§ **Information supplied**
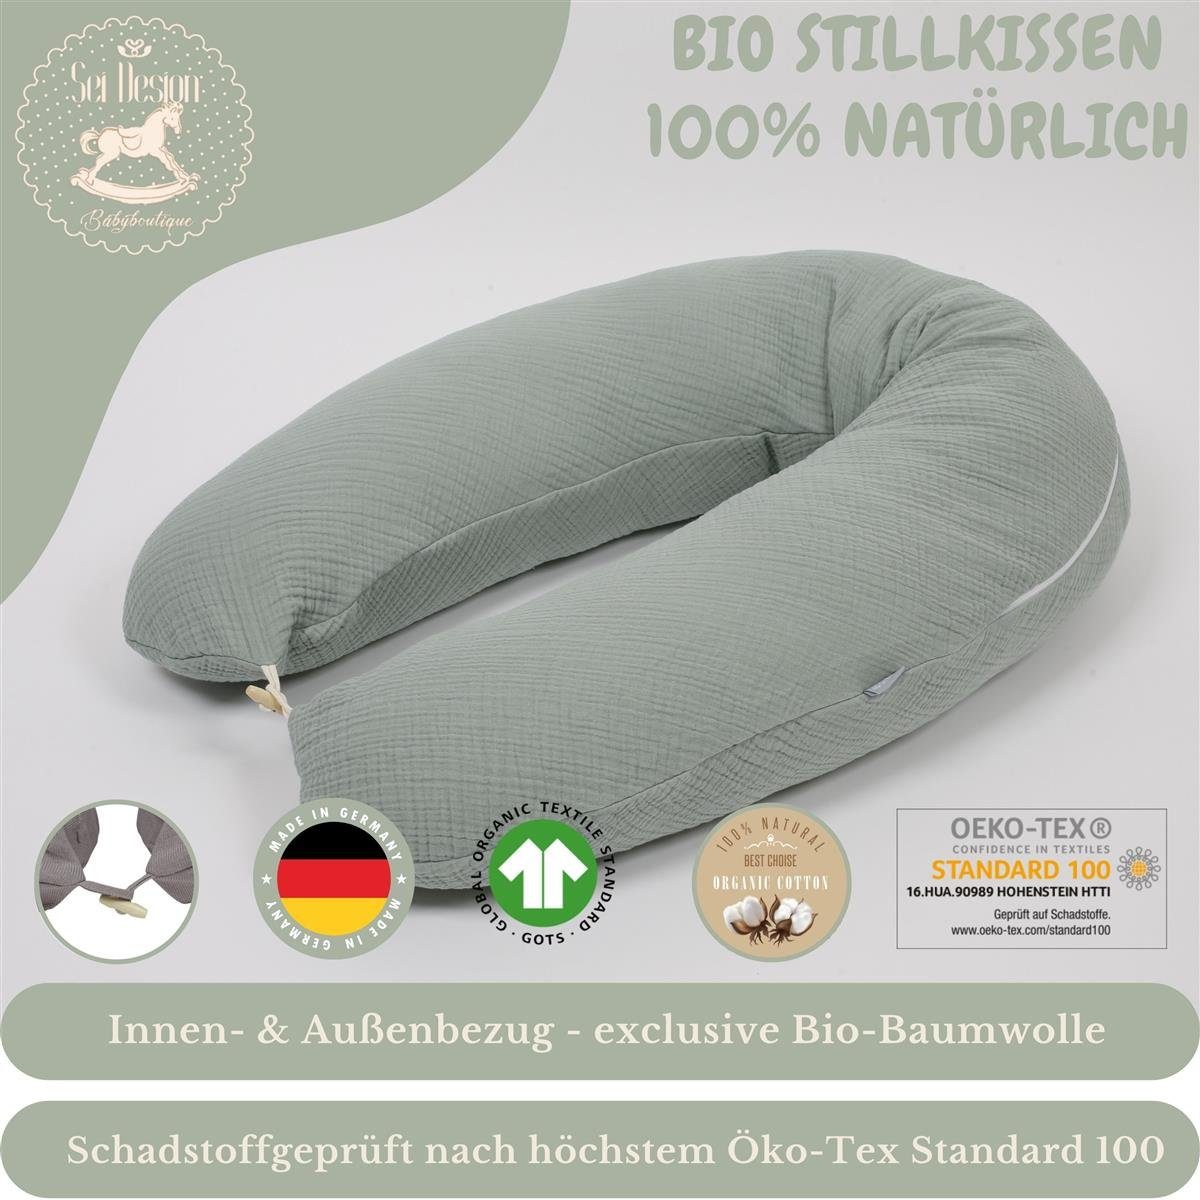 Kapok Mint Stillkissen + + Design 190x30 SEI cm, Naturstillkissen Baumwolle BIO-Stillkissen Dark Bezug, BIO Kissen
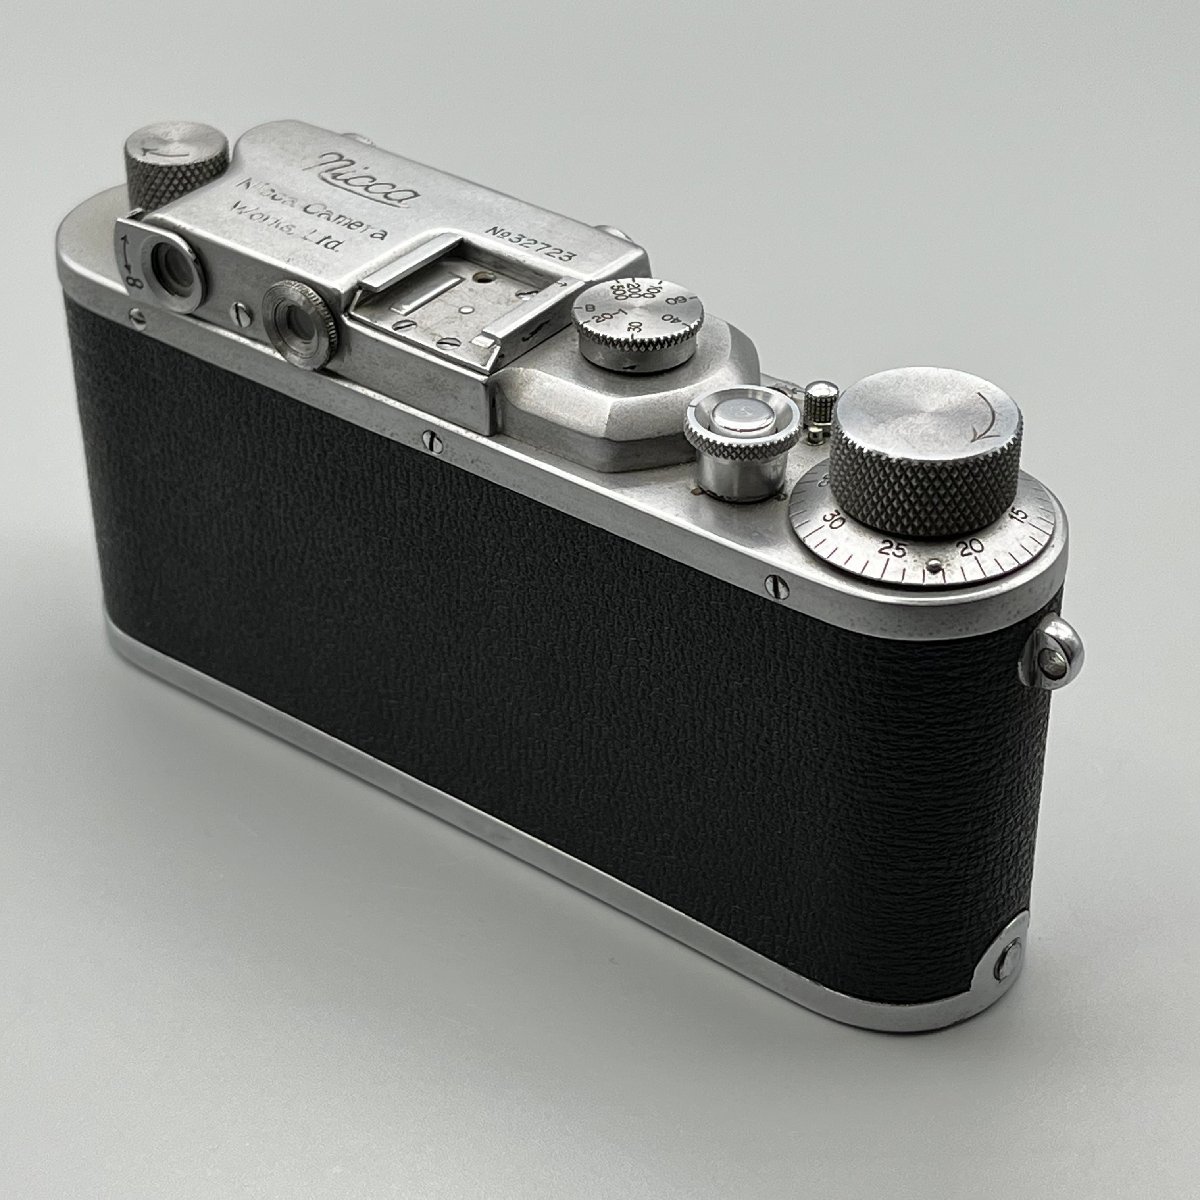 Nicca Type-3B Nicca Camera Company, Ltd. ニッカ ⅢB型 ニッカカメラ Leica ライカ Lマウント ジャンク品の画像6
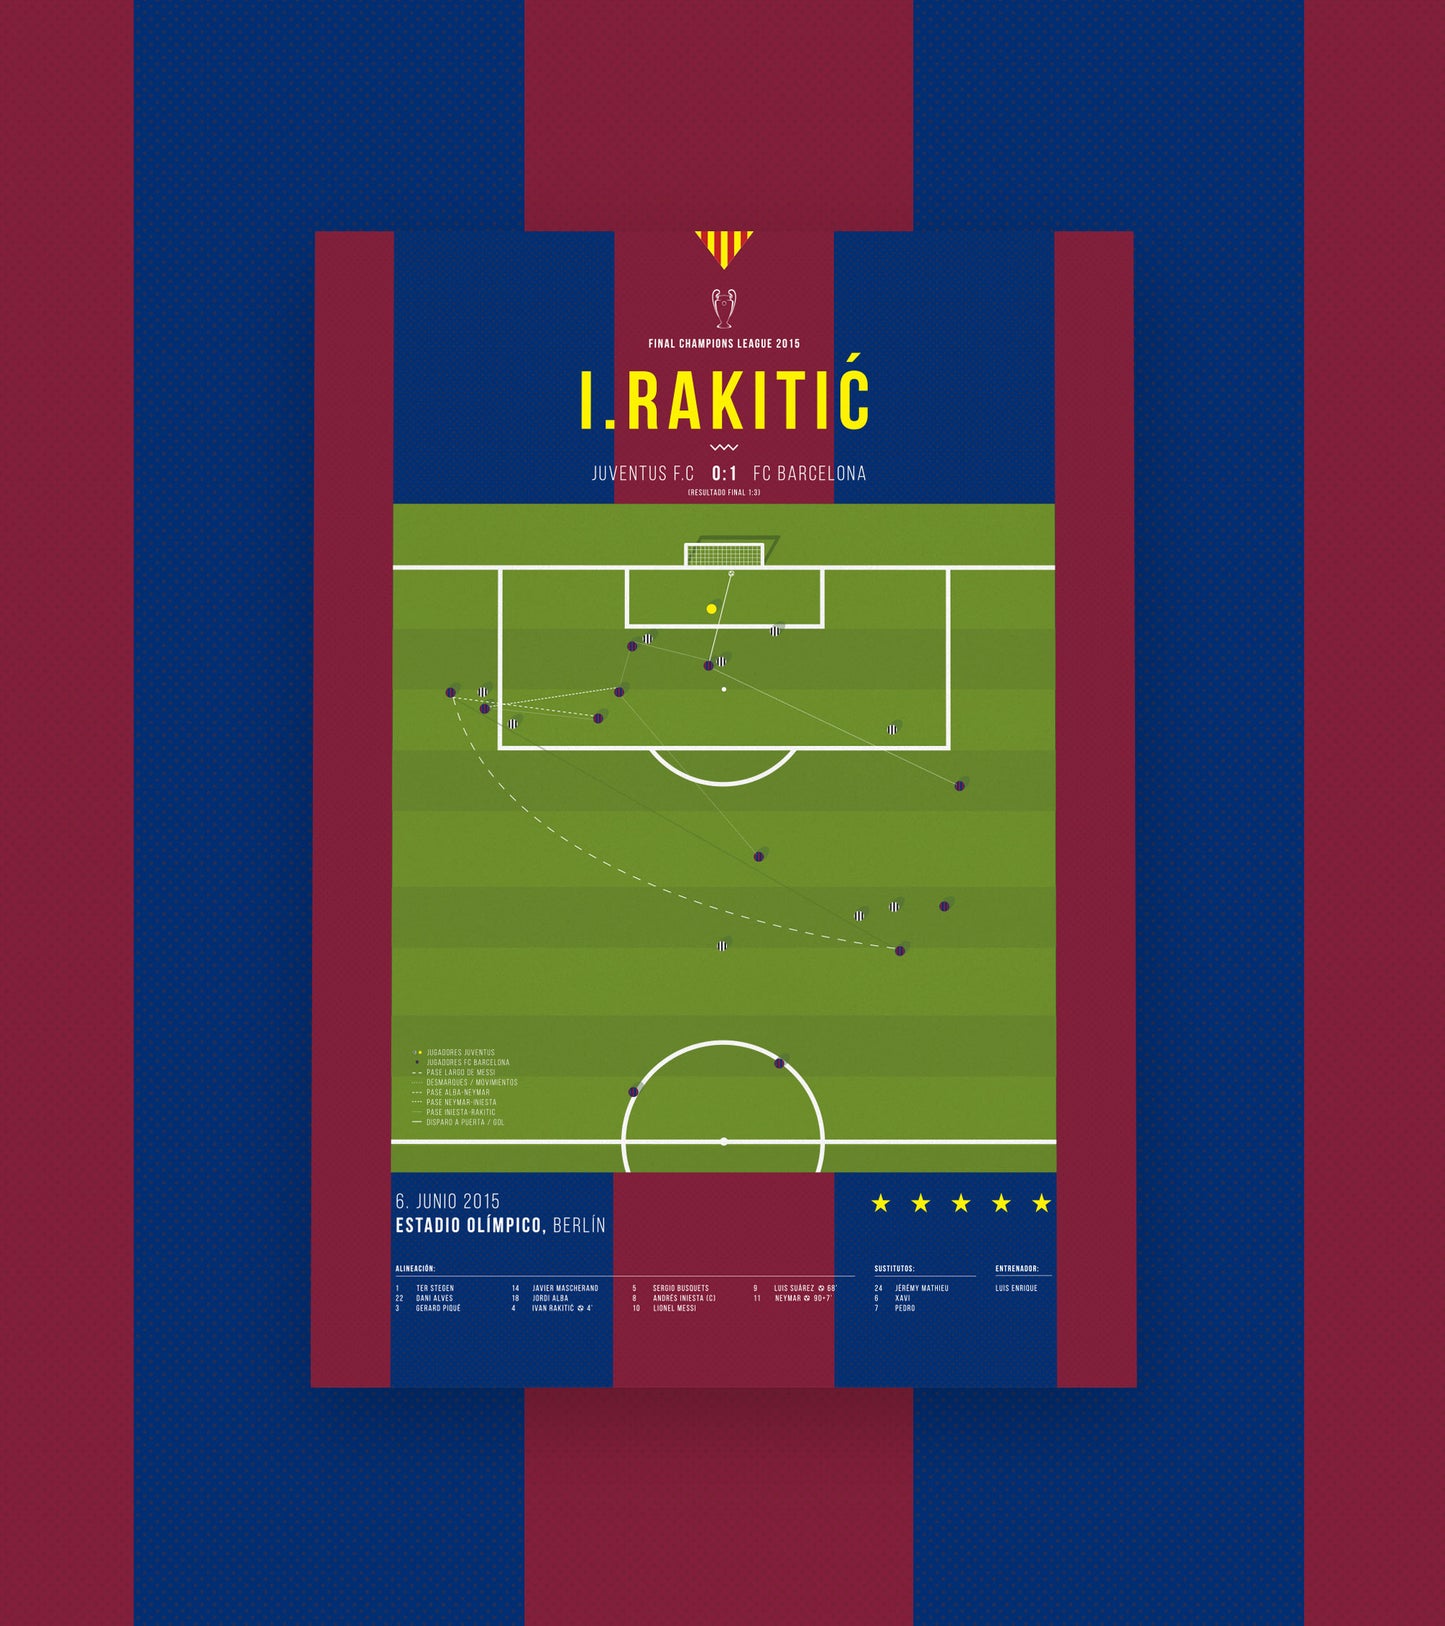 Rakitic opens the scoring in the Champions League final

§ **Task statement**
Only the pictures are to be left out; copy all the remaining material above exactly.

§ **Answer to the exercise**
 Kapok Mint Stillkissen + + Design 190x30 SEI cm, Naturstillkissen Baumwolle BIO-Stillkissen Dark Bezug, BIO Kissen
 Nicca Type-3B Nicca Camera Company, Ltd. ニッカ ⅢB型 ニッカカメラ Leica ライカ Lマウント ジャンク品の画像6
 Rakitic opens the scoring in the Champions League final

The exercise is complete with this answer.